What we must remember 19 years later.

Like many, I still remember 9.11.01.  Every feeling, every moment. Probably better than the births of my children or my wedding day.  The uncertainty, the fear, the void, the sadness, the anger we all felt brought us together.  I was raised by a patriotic family.  I knew the sacrifices of my grandfather, cousin, and stepfather for our country.  I was fortunate to have parents and family members who taught by example what it meant to serve our country and also serve and help others on a regular basis.  Still, on this day, I remember a feeling that is still fresh on this day 19 years later.  A feeling of unity that I had never felt before.

As a sophomore in college, I remember us all coming together in the campus chapel to pray and be together.  Throughout the morning we had passed from classes seeing footage on television of the horror that was ensuing just a few miles from our campus and also two states north.  School was canceled for the rest of the day, as was field hockey practice. Both had never happened before.  In the age of landlines, we tried to reach relatives to quickly say we were okay, so not to tie up the busy lines.
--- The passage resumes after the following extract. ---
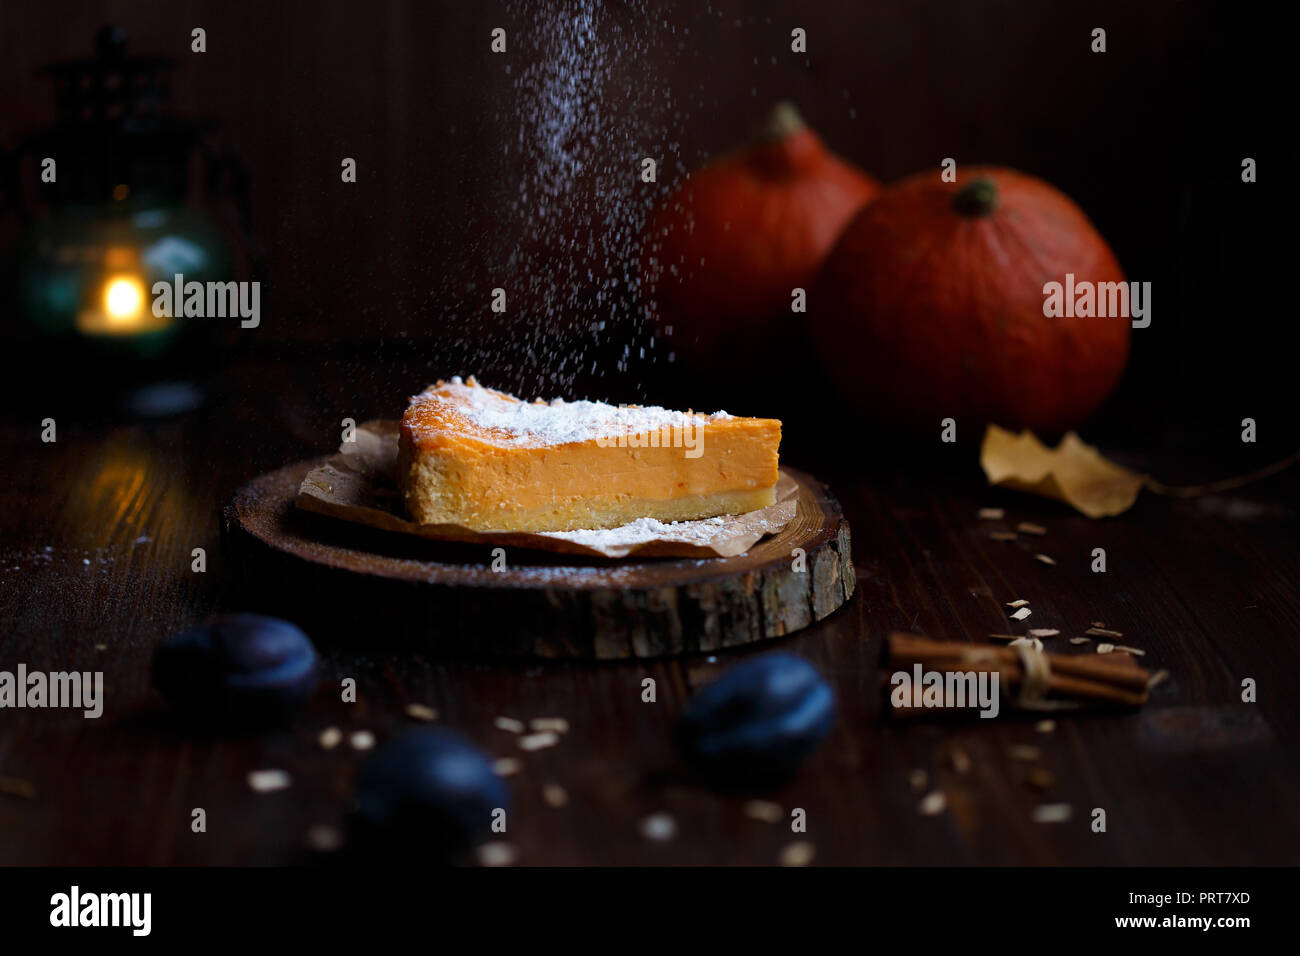 Femmina lato un pizzico di zucchero in polvere sul Cheesecake alla zucca. Zucche, lampada da tavolo, fogliame, vaniglia su un di legno scuro dello sfondo. In autunno e in inverno, concetto accogliente Immagini Stock

We comforted friends who were waiting to hear if their dad went to his meeting at the pentagon or if their family went into the city.  As the days passed, we worried our friends from other countries would be sent home, no longer able to study with student visas.  We reassured them that despite their country of origin, we supported them and wanted them learning with us.

As a country, we held tight together, united against an evil we had never collectively seen before on our soil.  Today, 19 years later, we must remember that day we stood together in a time where now so many things are tearing us apart.  If you weren’t born yet, or old enough to remember that day, I urge you to watch the footage.  What you will see in the midst of chaos is so many running towards the rubble, towards the unknown with hopes of saving just one more person. First responders, people on the streets, people who escaped a burning building only to run back in to help one more person.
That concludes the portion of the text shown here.